→ **SUPPLIED INFORMATION**:
== Segment start ==

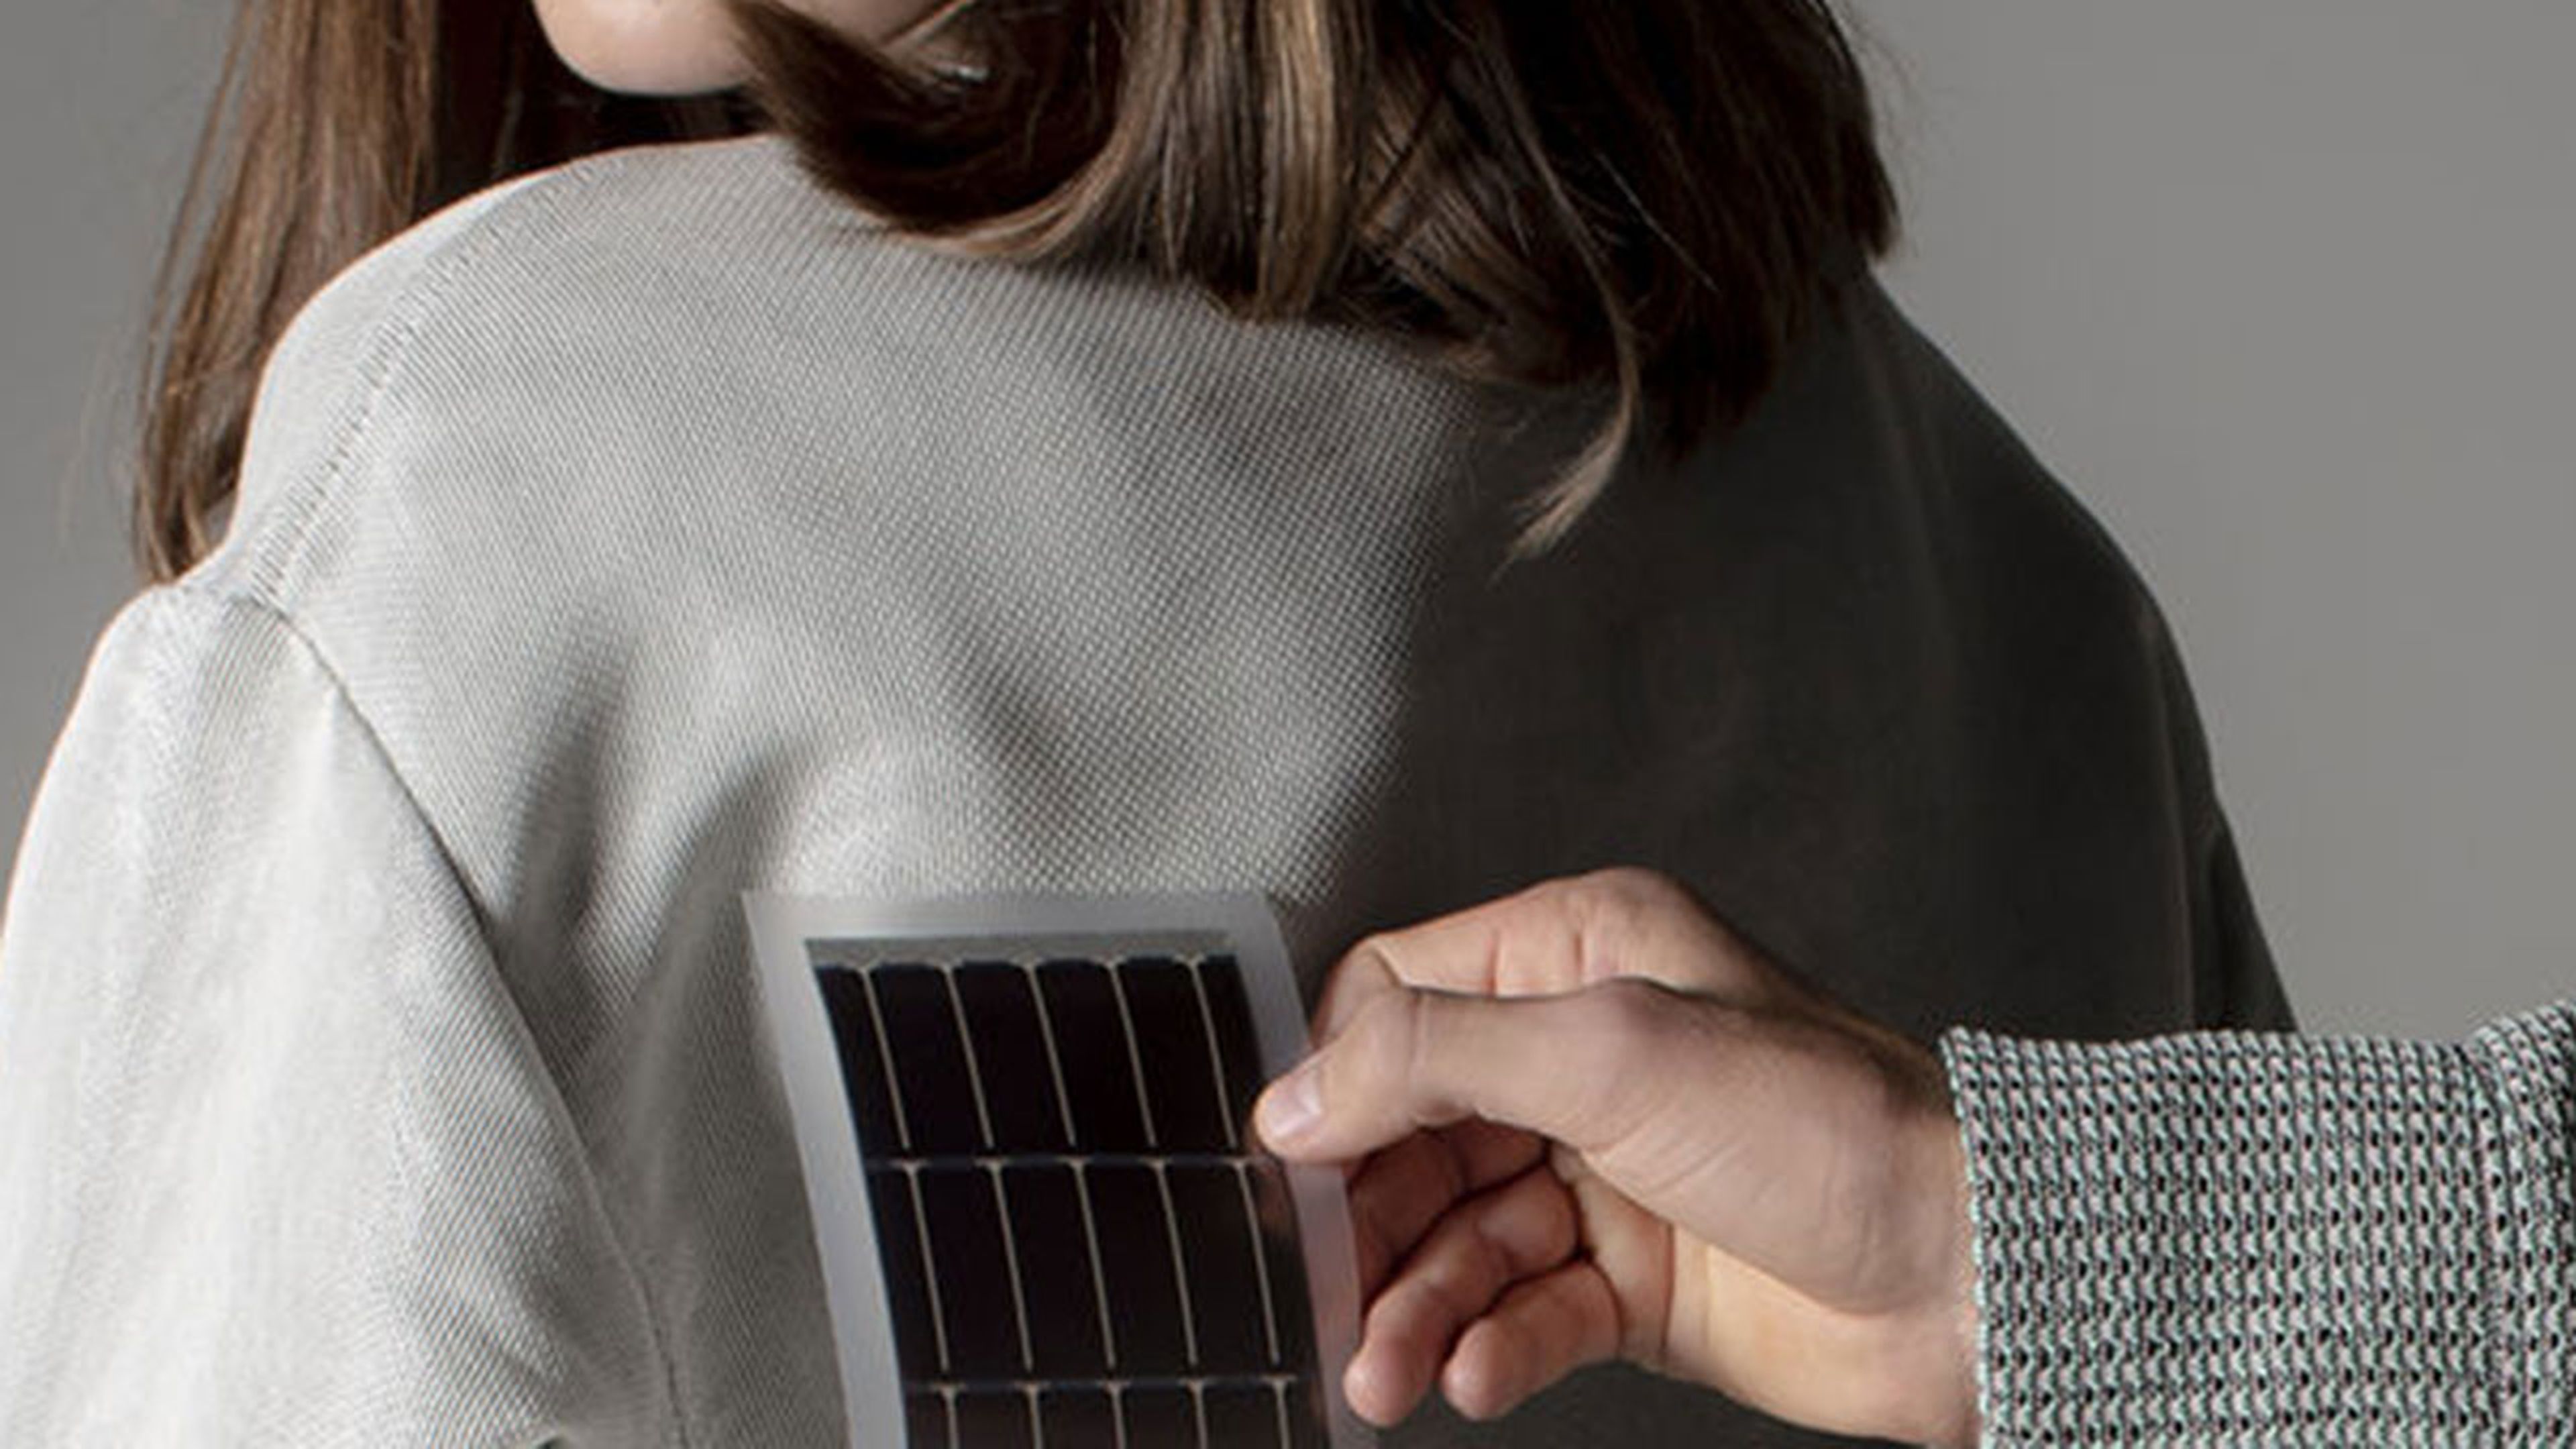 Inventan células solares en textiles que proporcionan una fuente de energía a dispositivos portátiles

== Segment end ==
== Segment start ==

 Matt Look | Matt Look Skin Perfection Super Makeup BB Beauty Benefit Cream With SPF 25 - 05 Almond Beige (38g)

== Segment end ==
== Segment start ==

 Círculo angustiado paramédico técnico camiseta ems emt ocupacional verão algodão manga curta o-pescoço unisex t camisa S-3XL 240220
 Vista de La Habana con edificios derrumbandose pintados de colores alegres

== Segment end ==

→ **WORK REQUIRED**: All lines above from the one with "Círculo angustiado paramédico" to the one with "Vista de La", inclusive, should be copied exactly, and no other lines.

→ **EXERCISE RESULT**:
 Círculo angustiado paramédico técnico camiseta ems emt ocupacional verão algodão manga curta o-pescoço unisex t camisa S-3XL 240220
 Vista de La Habana con edificios derrumbandose pintados de colores alegres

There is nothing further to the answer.